𝗧𝗼𝗽 𝗦𝘁𝗿𝗮𝘁𝗲𝗴𝗶𝗲𝘀 𝘁𝗼 𝗜𝗺𝗽𝗿𝗼𝘃𝗲 𝗔𝗣𝗜 𝗣𝗲𝗿𝗳𝗼𝗿𝗺𝗮𝗻𝗰𝗲
𝟭. 𝗖𝗮𝗰𝗵𝗶𝗻𝗴
A cache hit never touches the database. On a miss, you query the DB and write to cache so the next caller doesn't pay the same cost.
The part that engineers usually get wrong is invalidation. TTL is easy to implement and will absolutely serve stale data at the worst moment. Event-driven invalidation is accurate, but now you have a new thing that can break.
𝟮. 𝗖𝗼𝗻𝗻𝗲𝗰𝘁𝗶𝗼𝗻 𝗣𝗼𝗼𝗹𝗶𝗻𝗴
When you open a new connection, for each request, a few things happen: TCP handshake, TLS, Auth, etc. This takes 50–200ms, or even more. Pool your connections.
𝟯. 𝗔𝘃𝗼𝗶𝗱 𝗡 𝟭 𝗤𝘂𝗲𝗿𝗶𝗲𝘀
Every slow codebase I've worked in had this problem. You fetch a list of records, then loop through them and query related data for each. And it works fine locally with 10 rows, but in production with 2,000, it's 2,001 database round-trips per request.
We can fix this with one JOIN. Also, we need to index the columns in your WHERE clause.
Before you change anything, run a profiler and verify this is actually the problem. I've assumed N 1 before and been wrong.
𝟰. 𝗣𝗮𝘆𝗹𝗼𝗮𝗱 𝗖𝗼𝗺𝗽𝗿𝗲𝘀𝘀𝗶𝗼𝗻
This is something usually forgotten. A 120 KB JSON response becomes roughly 18 KB. If you're not doing this, you're sending the client unnecessary work.

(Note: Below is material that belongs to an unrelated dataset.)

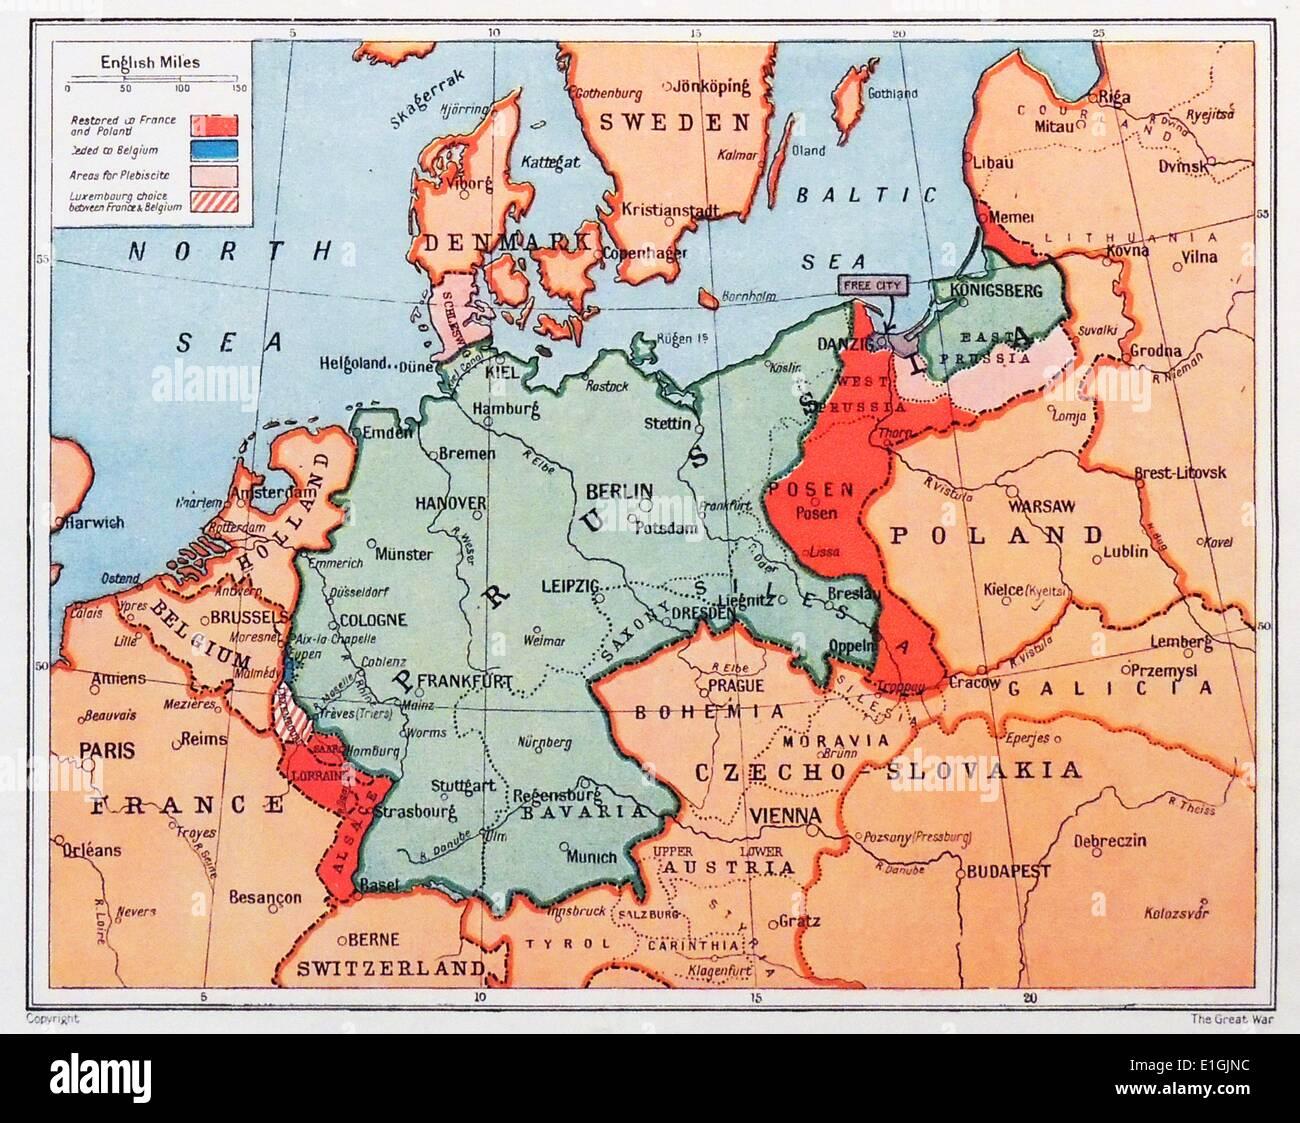 Germany Map Stockfotos & Germany Map Bilder - Alamy

You can choose Brotli or gzip.
𝟱. 𝗔𝘀𝘆𝗻𝗰 𝗣𝗿𝗼𝗰𝗲𝘀𝘀𝗶𝗻𝗴
Operations that take seconds don't belong inside an HTTP response. Return 202, put the job on a queue, process it in the background, fire a webhook when it's done. Your p99 will thank you.
𝟲. 𝗛𝗧𝗧𝗣/𝟮
HTTP/1.1 runs one request at a time per connection. That made sense in 1997. HTTP/2 multiplexes everything over a single TCP connection, allowing all requests to be in flight at once, with header compression on top. If your infrastructure supports it and you haven't switched, worth looking at why not.
𝟳. 𝗕𝗮𝘁𝗰𝗵𝗶𝗻𝗴
Ten API calls are 10 round-trips, but also 10 times the latency cost. Let clients bundle operations into one request and process them in parallel on the server.
In REST: POST /batch or GET /users?ids=1,2,3.

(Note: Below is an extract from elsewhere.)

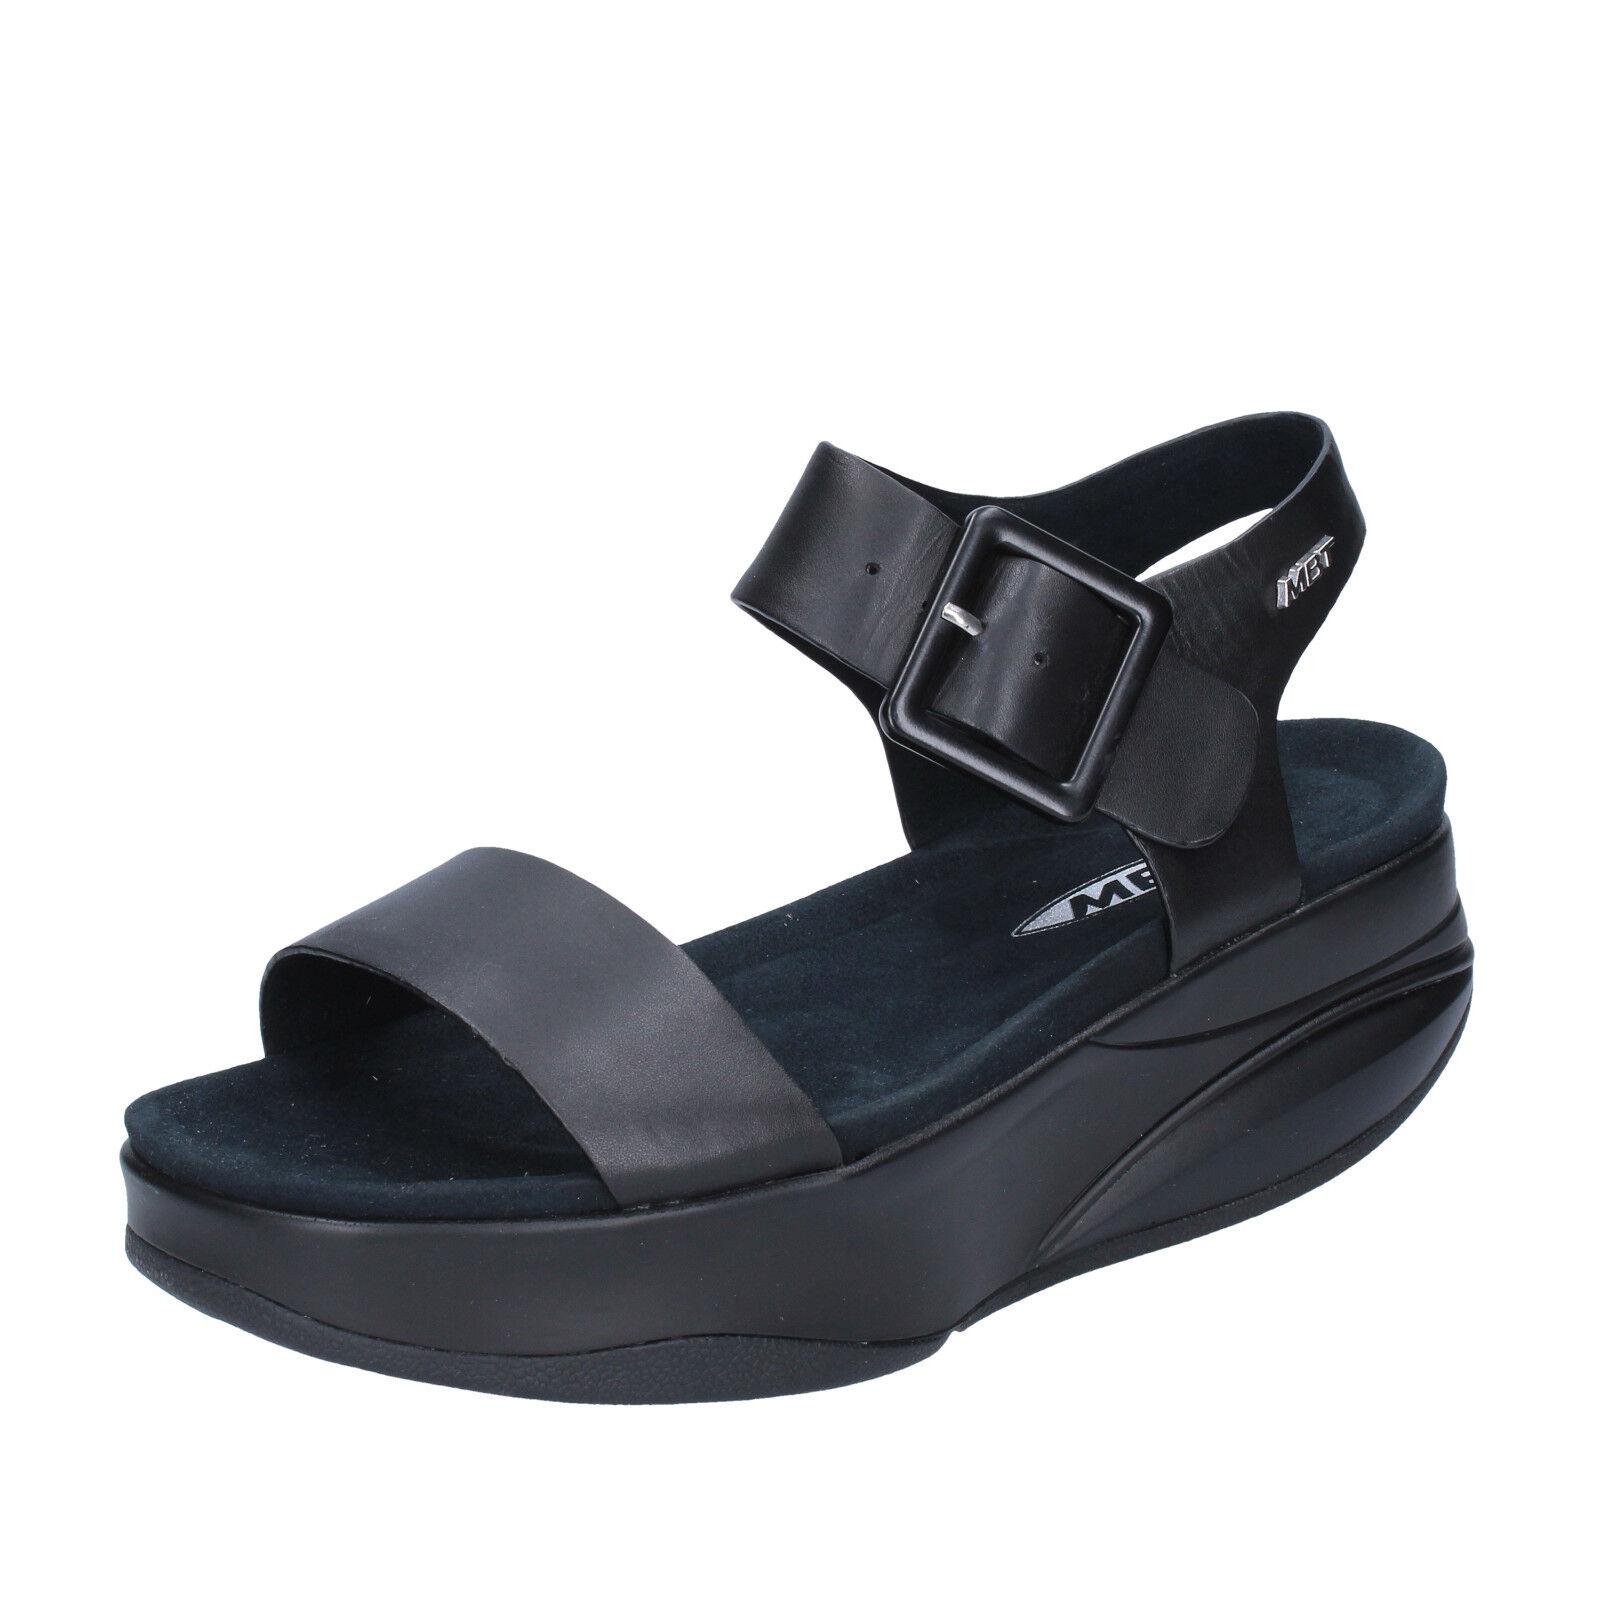 più preferenziale Donna  scarpe scarpe scarpe MBT 11   11,5 (EU 42) sandals nero leather performance BX885-42  vendita con alto sconto

GraphQL handles this without you having to think about it.
𝟴. 𝗠𝗲𝗮𝘀𝘂𝗿𝗲 𝗙𝗶𝗿𝘀𝘁
Set up OpenTelemetry and look at actual traces before touching anything. I've watched teams spend weeks optimizing the wrong layer.
Here is a real example: API handler: 12ms, network: 113ms, DB query: 680ms. Everyone was looking at the API layer, but the problem was that it was sitting in the database the whole time.

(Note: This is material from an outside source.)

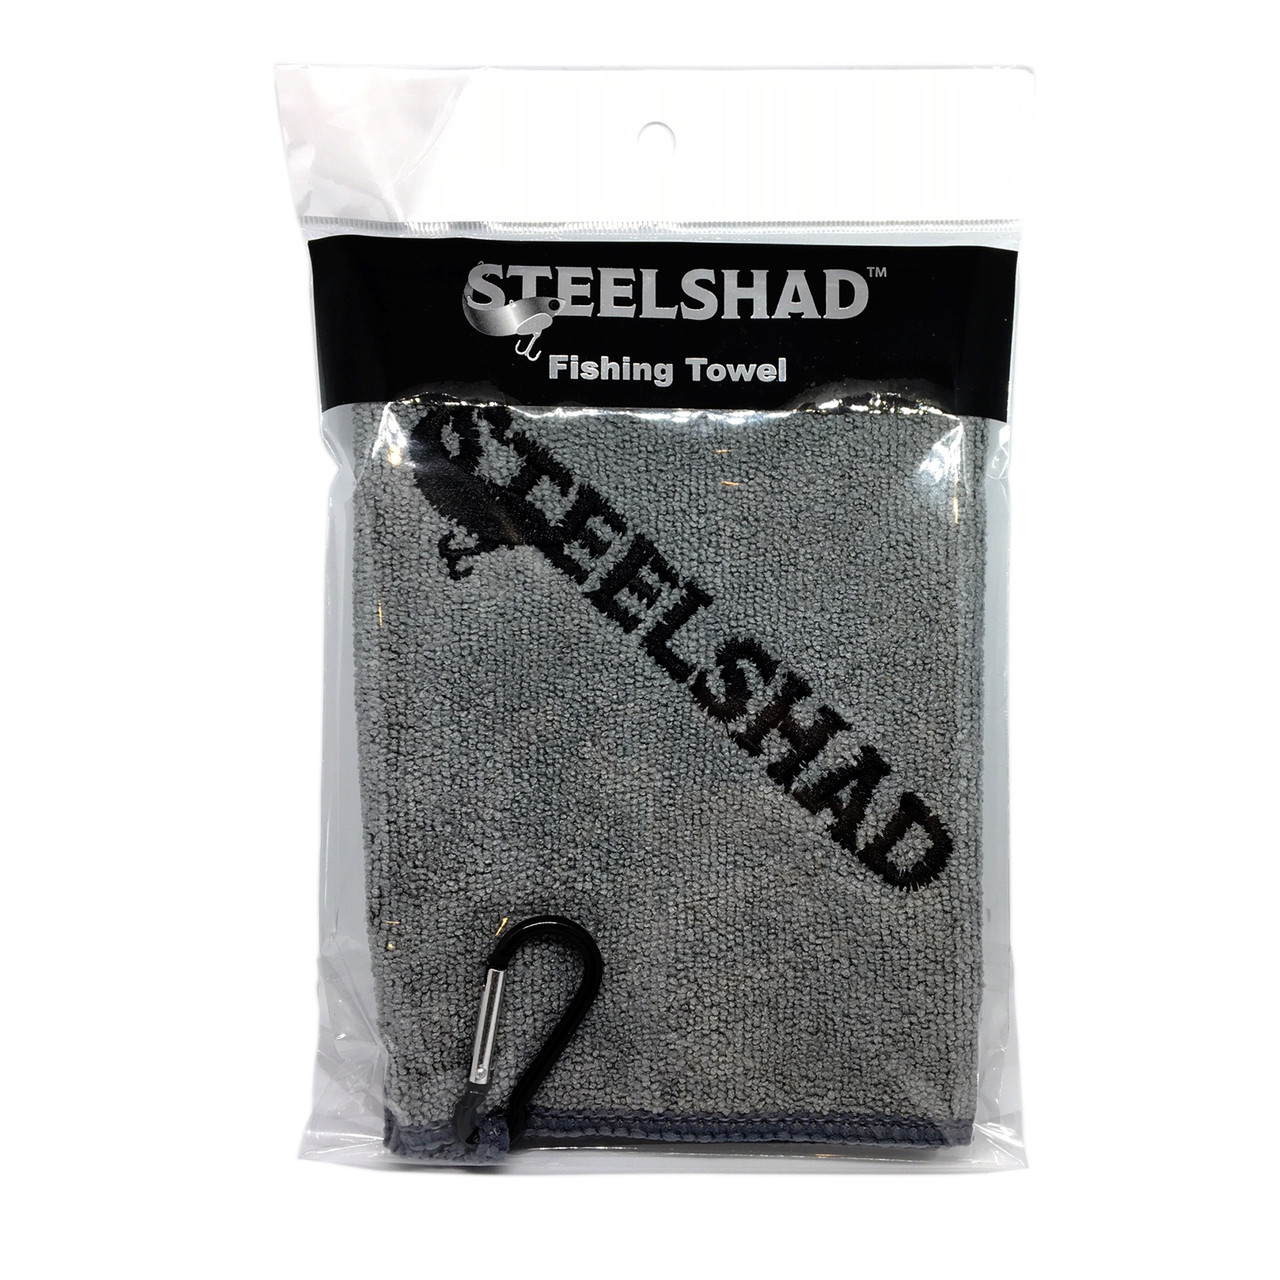 SteelShad Fishing Towel

An afternoon of instrumentation would have shown them that almost immediately.
𝟵. 𝗣𝗮𝗴𝗶𝗻𝗮𝘁𝗶𝗼𝗻
Never return 10,000 rows. Return 20 with a cursor for the next page.
Offset pagination scans and discards rows on every call, at page 500 you're scanning 10,000 rows to show 20. Cursor-based picks up exactly where it left off.